In an interesting twist, Venter revealed in a conference last month that the James Joyce estate had sent him a “cease and desist” letter because he hadn’t asked permission to use the quote. Venter claimed fair use as stipulated in the US Copyright law. The Joyce estate, of which Joyce’s only living descendent Stephen is the executor, is notoriously aggressive with respect to copyright.

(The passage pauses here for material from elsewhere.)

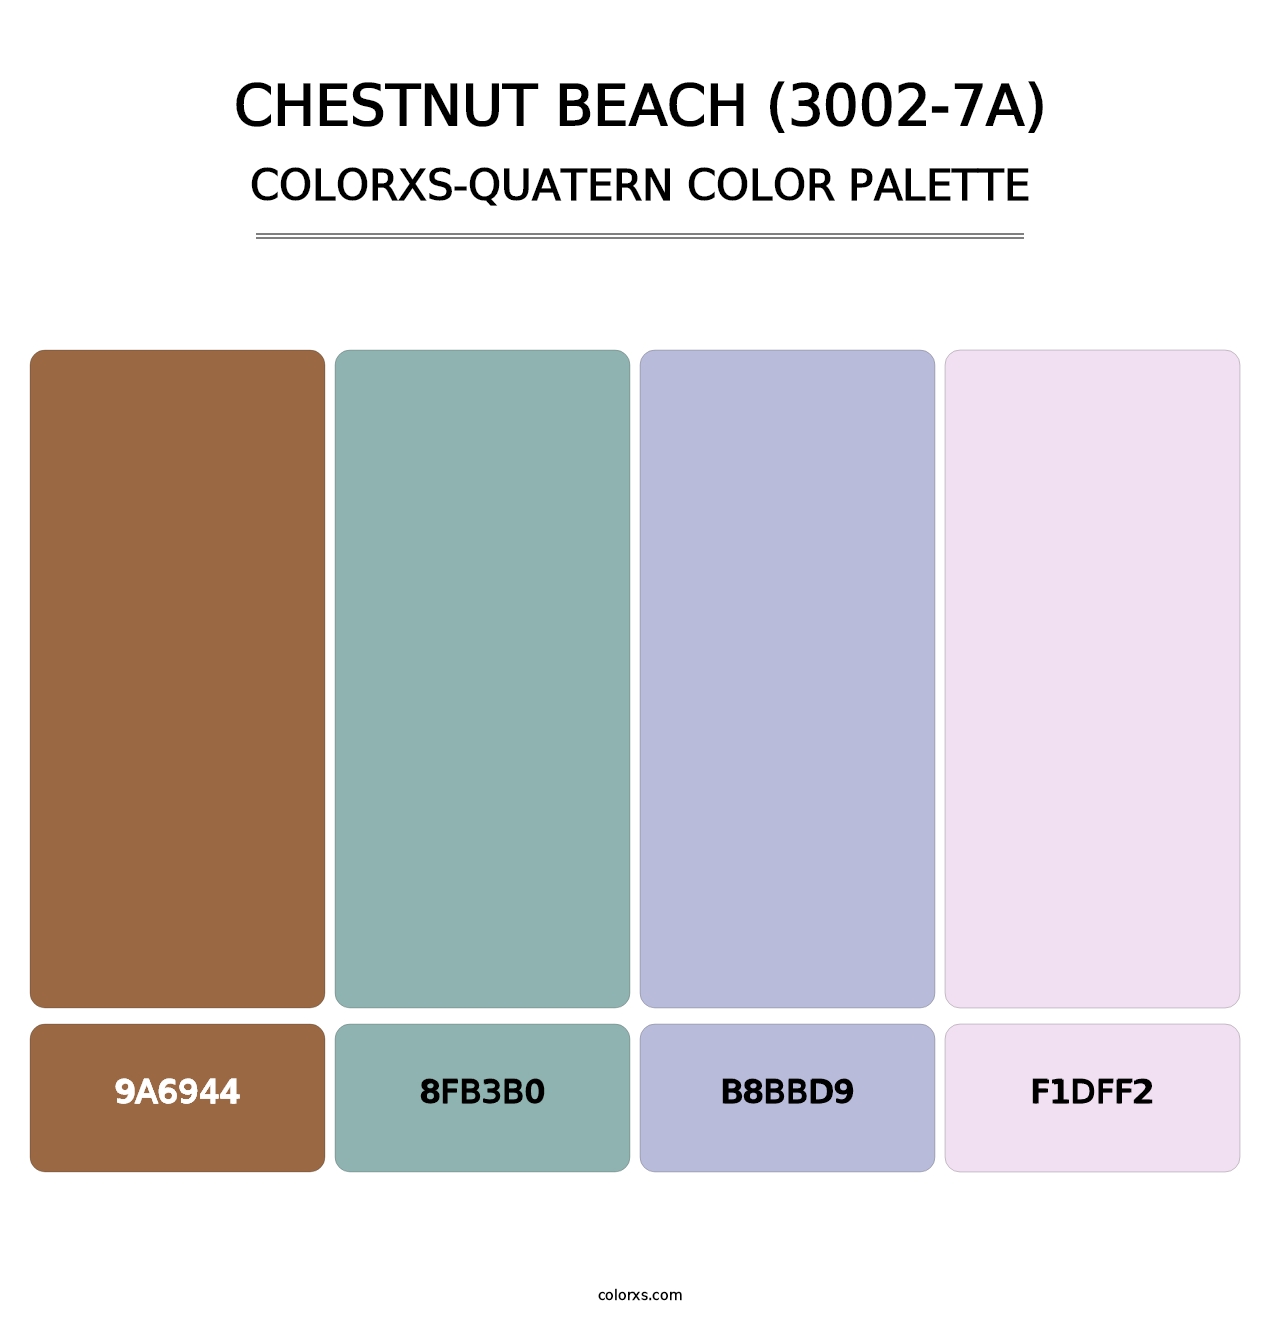 Chestnut Beach (3002-7A) - Colorxs Quatern Palette

In 2004 it threatened to sue the Irish government if there were any public readings of Joyce’s work at the 100th anniversary Bloomsbury celebration of the author.

This one might be worth following. The synthetic critter cost Venter upwards of $40 million to make. If The Joyce estate sues, will Venter have to pay royalties on each appearance of the quote? Think about how fast these things will reproduce! Bacterial growth is the classic exponential growth example. If you start with just one bacterium, and it doubles every hour, by the end of the day you will have 16,777,216 bacteria! This could be the windfall Stephen has been waiting for!!

Remember, though, once the cell is out there and reproducing, thanks to evolution, it will mutate. These little snippets of text will morph fairly quickly into something slightly different, and all bets will be off. Unless…

As one person posted in a comment to Carl Zimmer’s blog describing the news,

“If they wait long enough, maybe it will mutate into “Finnegan’s Wake.”